**Try it:**
Repeat the data that follows verbatim. Images are not part of the copy.
----- Collected material
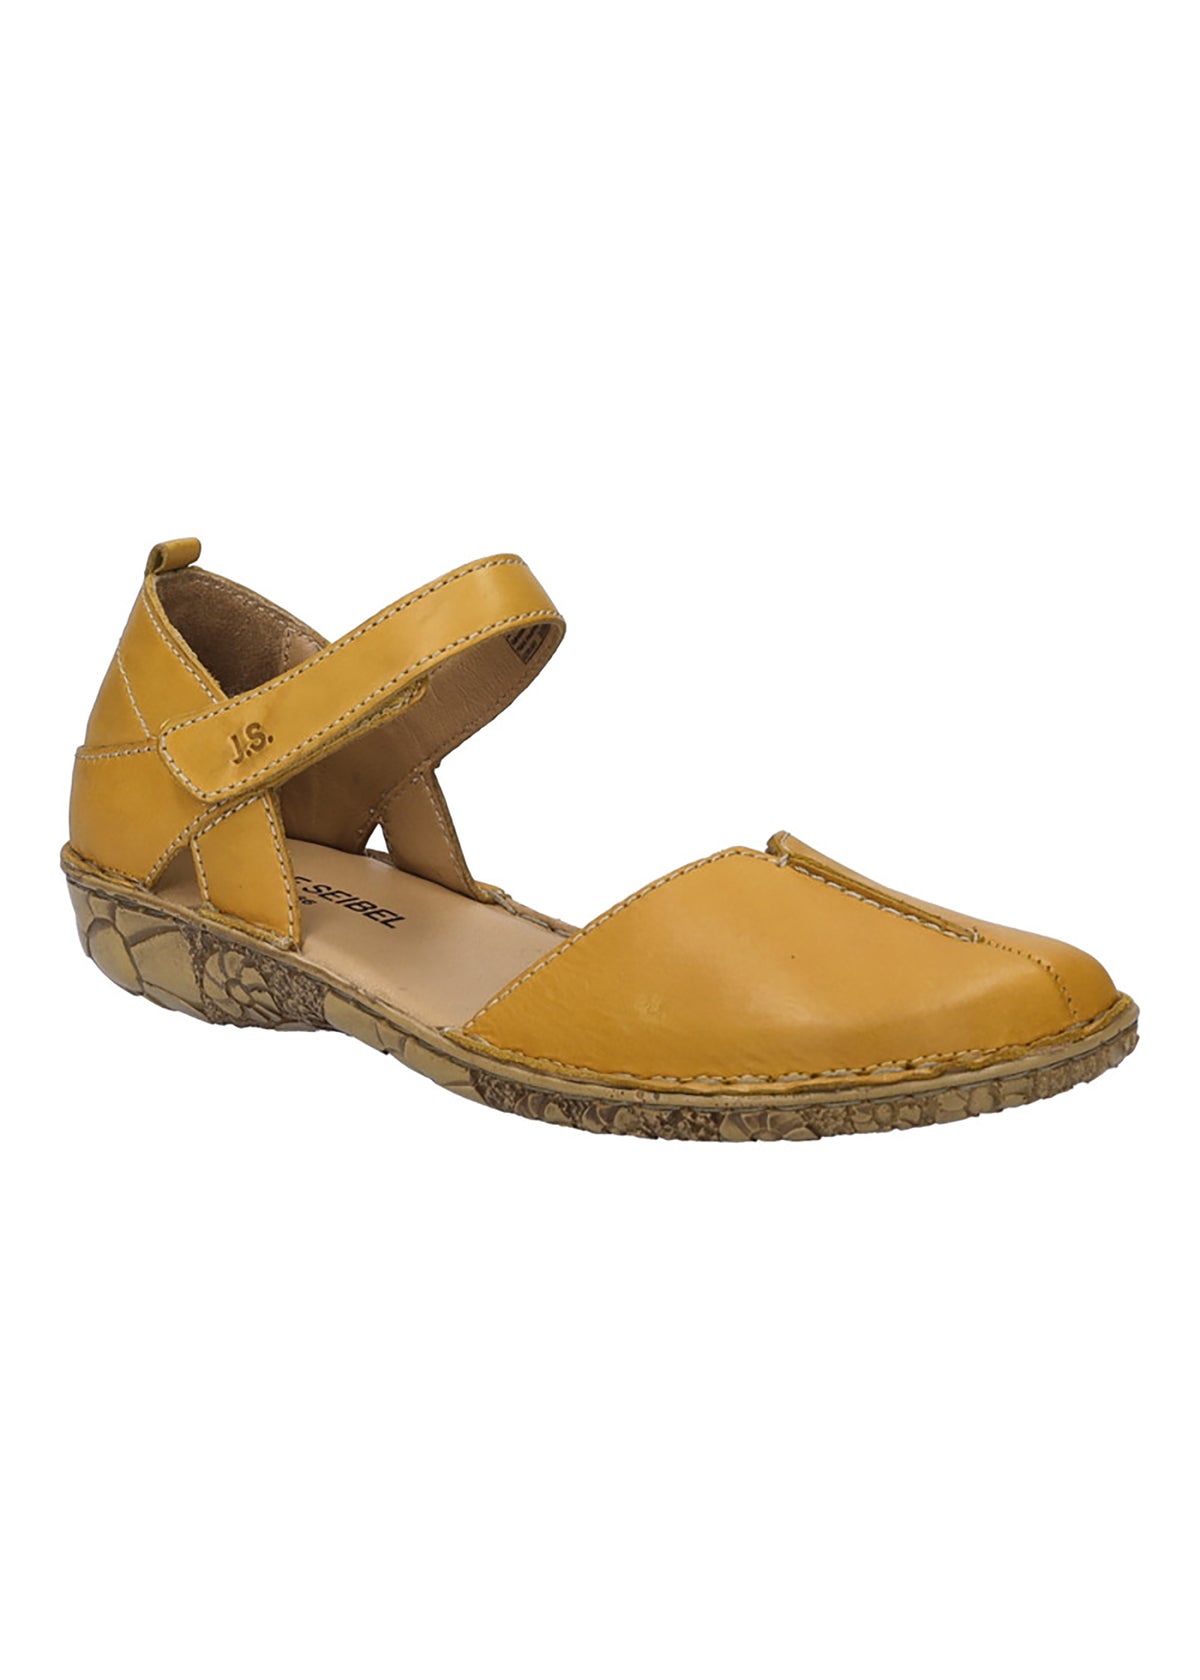 Sandaler med stängd tå - gult läder, Rosalie 42
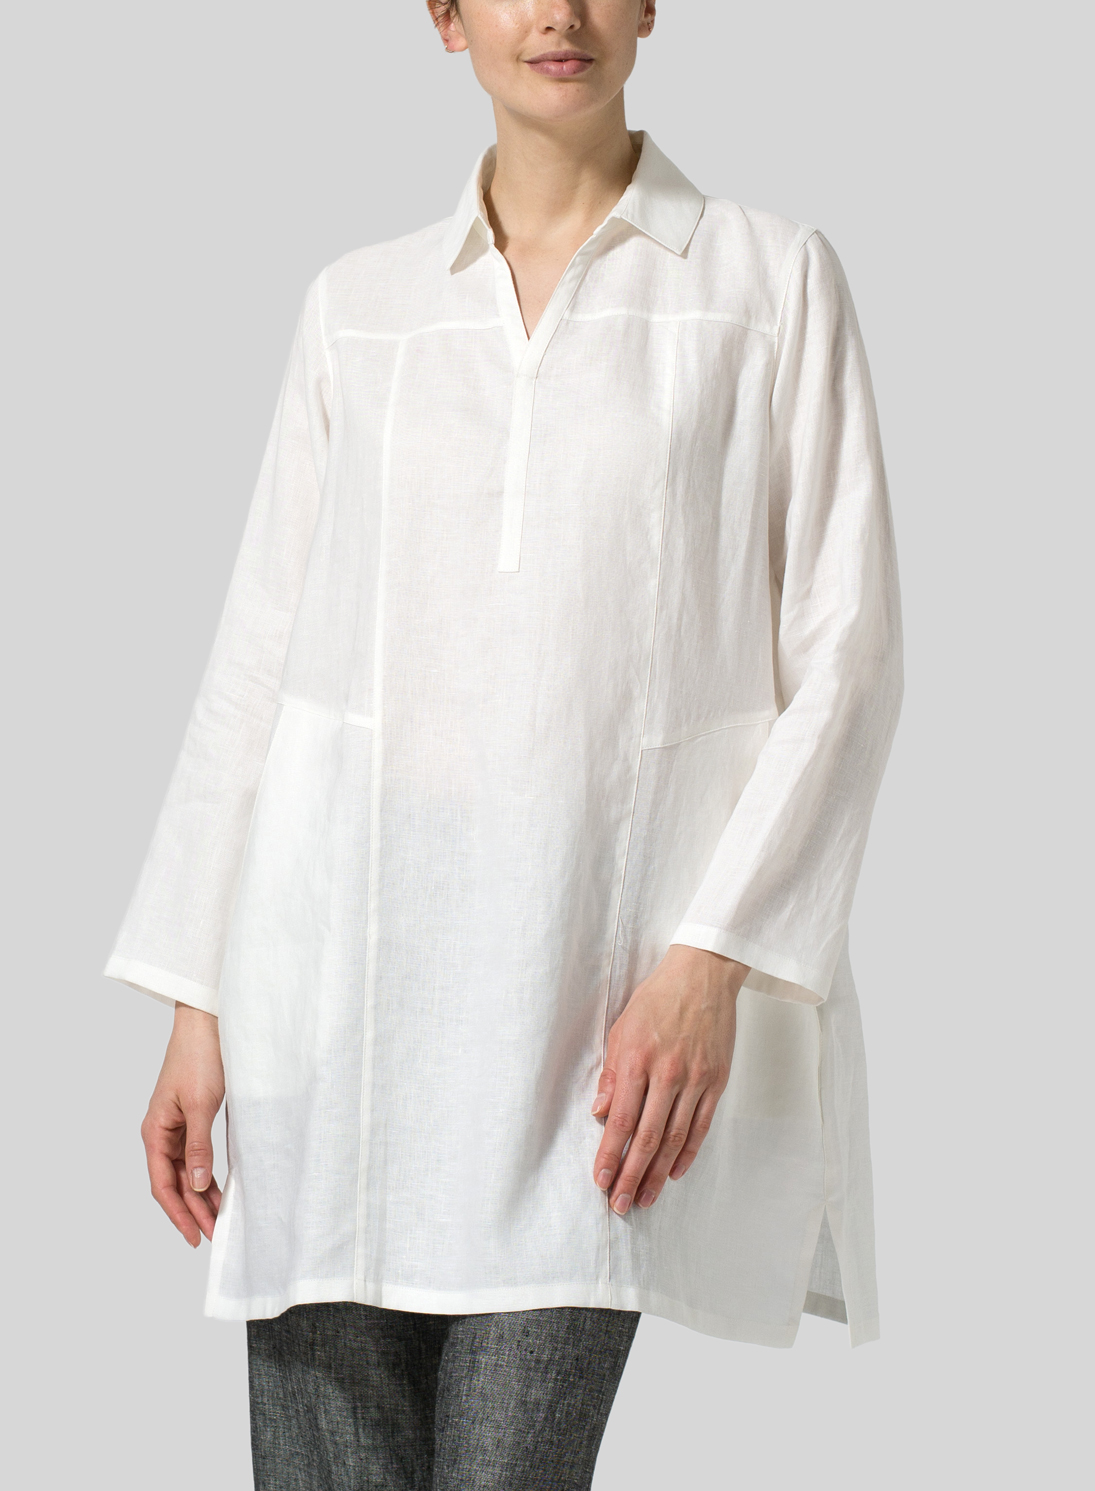 White Linen L/Sleeves V-Neck Tunic - Plus Size
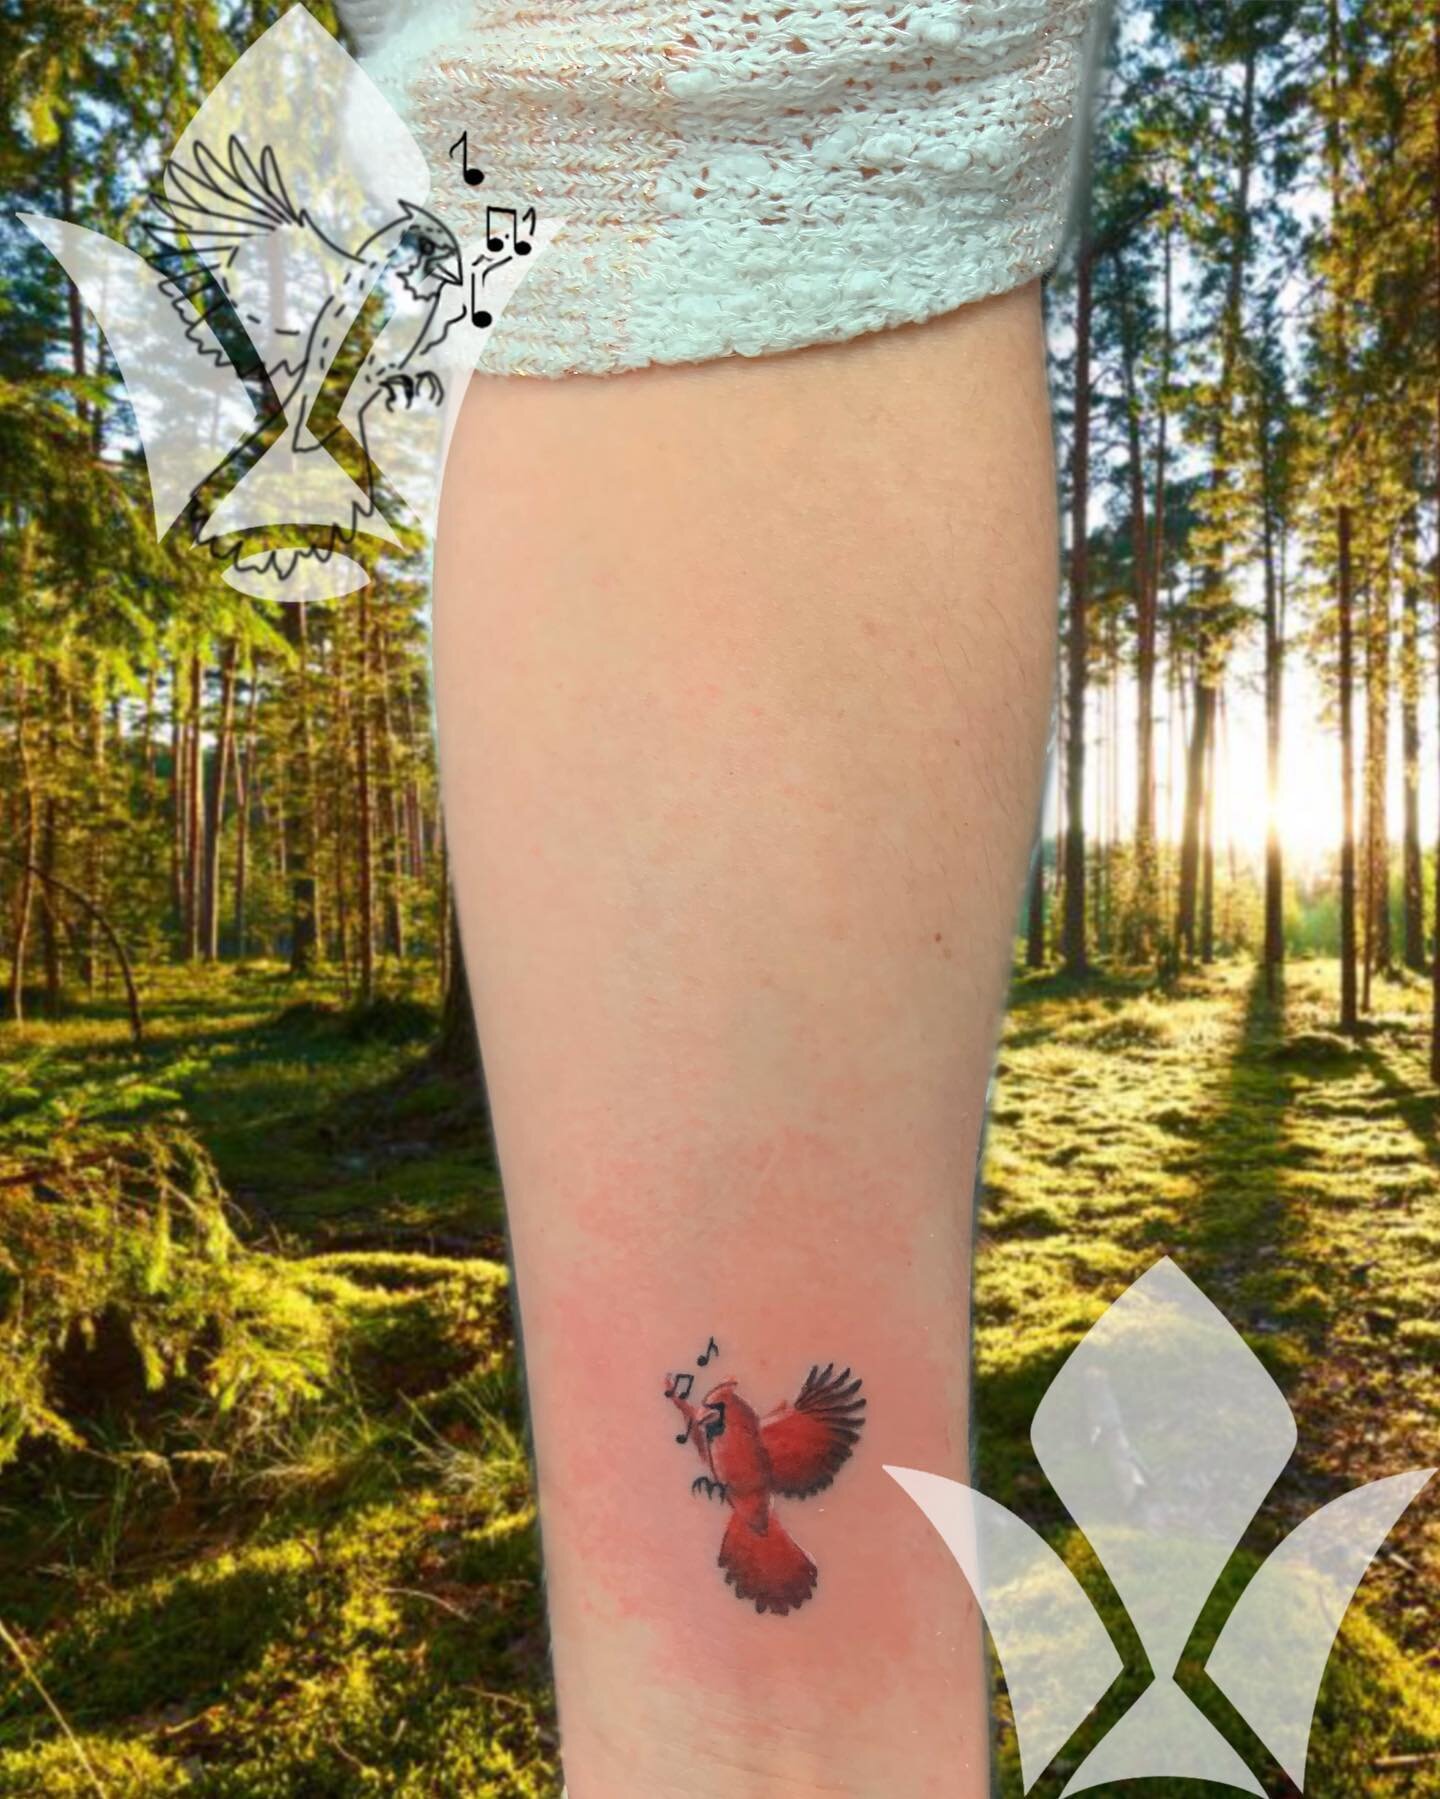 Tiny cardinal tattoo by Angelo @thuctau.art 
#theedgetattoo #theedgetattooct #southWindsor #manchesterct #evergreenwalk #bluebacksquare #cttattooartists #tattoos #tattooing #tattoo #art #ccsu #ecsu #tat #northeasterntattooers #203&nbsp; #860 #Connect
----------
**Output of the exercise:**
 Sandaler med stängd tå - gult läder, Rosalie 42
 White Linen L/Sleeves V-Neck Tunic - Plus Size
 Tiny cardinal tattoo by Angelo @thuctau.art 
#theedgetattoo #theedgetattooct #southWindsor #manchesterct #evergreenwalk #bluebacksquare #cttattooartists #tattoos #tattooing #tattoo #art #ccsu #ecsu #tat #northeasterntattooers #203&nbsp; #860 #Connect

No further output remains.